Hello All, I haven't posted any projects lately as I have been busy as ever in my wood shop. I picked up a project that took me some serious time and some hair pulling but I finished it with flying colors. 

It was just an 18'x14' Sheetrock room nothing special. I was to transform this room into a study/library for some very high end clients. I did the entire build from scratch. Rough cut everything, walnut plywood for panels and cabinet boxes. I hand made all of the trim from the casing, to the crown moulding.

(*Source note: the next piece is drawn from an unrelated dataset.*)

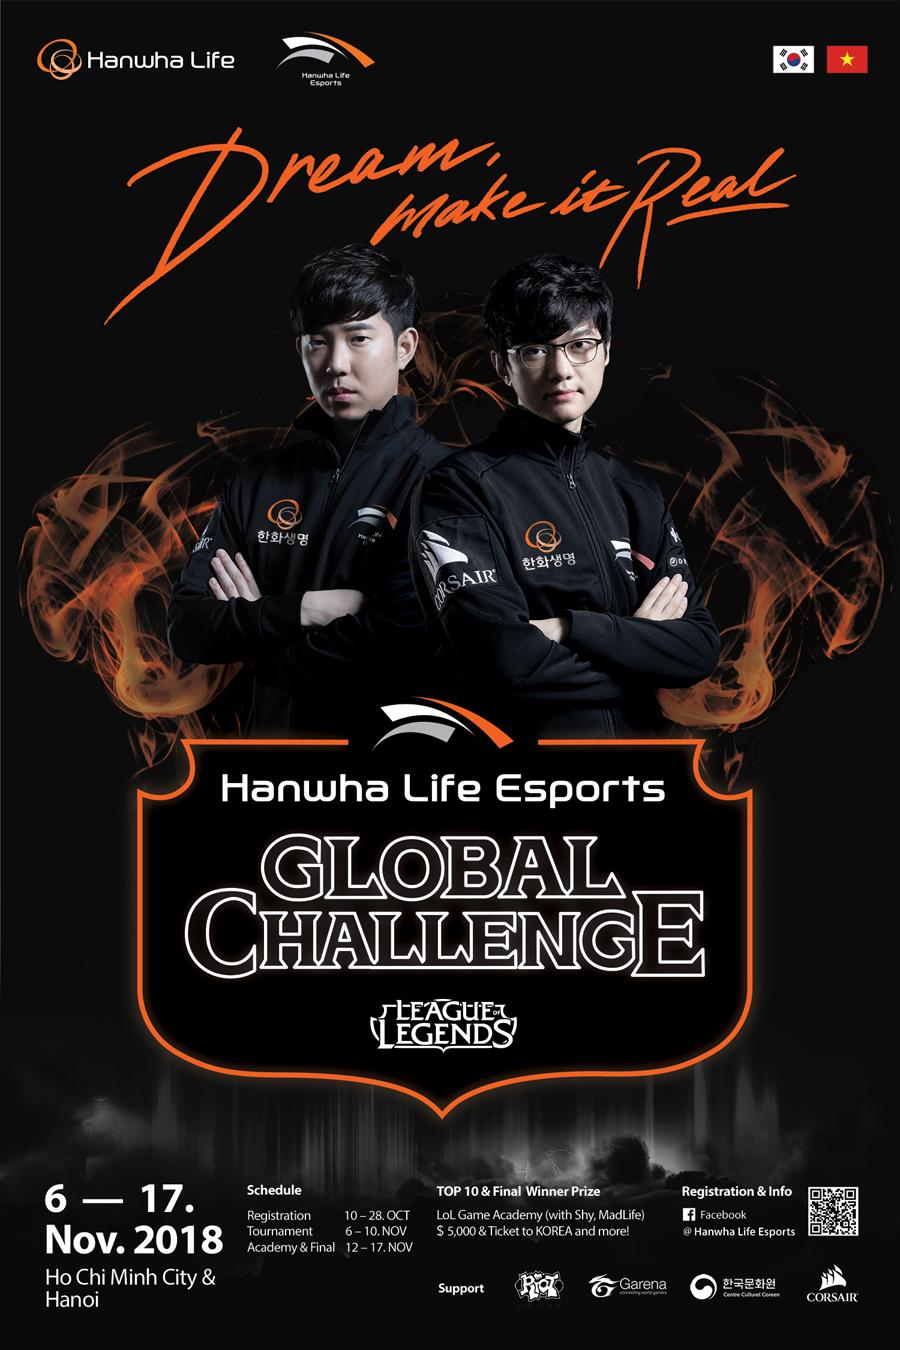 Một doanh nghiệp Hàn Quốc sắp đứng ra tổ chức giải đấu E-sports tại Việt Nam trong tháng 10 này 0

All the crowns started out as 6"x1&3/16 rough stock and I formed all on my table saw after I made a custom jig to fit the miter slots. This project was awesome the size and magnitude is hard to explain.


----------



## Alchymist (Jan 2, 2011)

Beautiful. I can imagine a lot of man hours there....


----------



## Paul W Gillespie (Jul 7, 2011)

Well done. I cannot imagine what the material costs were for that kind of project. Looks great.


----------



## TonyM (Nov 12, 2013)

*Gorgeous work!*

Totally changed the area into a different place altogether. Nice. Walnut messes with my sinus' but I love working with it.
TonyM


----------



## guglipm63 (Feb 27, 2013)

Very nice indeed


----------



## Dominick (May 2, 2011)

What!!!!!
Your sick!!!! That's true craftsmanship at its best Ryan. Nice work man!!!!


----------



## Ryan4Custom (Mar 18, 2013)

guglipm63 said:


> Very nice indeed


Thank you All, I was rather challenged with this one. It ended up being about 500-600 board ft of walnut, I had 140 bft just in the doors. I'm at 5.50 bft for walnut at the moment. I bought my sawyer out of his stock near about. Plywood was pushing 150 a sheet for 3/4 went through twelve 3/4" and twelve 1/2". After milling and stain and topcoats well you can imagine. I think I was at about ten thousand in materials after all was said and done. The counter top is solid not a laminate or plywood face framed with solid. The Ctop is 1-1/2 thick solid walnut joined and glued. I used a Queen Anne bit for the front edge. Very nice masculine edge. It was crazy how I joined the top before glue up. Obviously I could not run ten ft long pieces through my 6" jointer so I used my new bad to the bone festool 3&1/4 hp router with the long and short guide rails hooked together. I used woodpecker hold down clamps on the underside of the rail on either end, using the back side of the rail for the straightest edge I was able to use a 1" top bearing flush trim to get my final finished joint. Tedious but efficient.


----------



## Ryan4Custom (Mar 18, 2013)

Dominick said:


> What!!!!! Your sick!!!! That's true craftsmanship at its best Ryan. Nice work man!!!!


Hey Dom, long time no write. Thank you buddy. Hey are you looking forward to you cabin this winter? I bet you are. I want to do some ice fishing never done it before I'm an angler for sure just never had the opportunity. Catch some for me this season. 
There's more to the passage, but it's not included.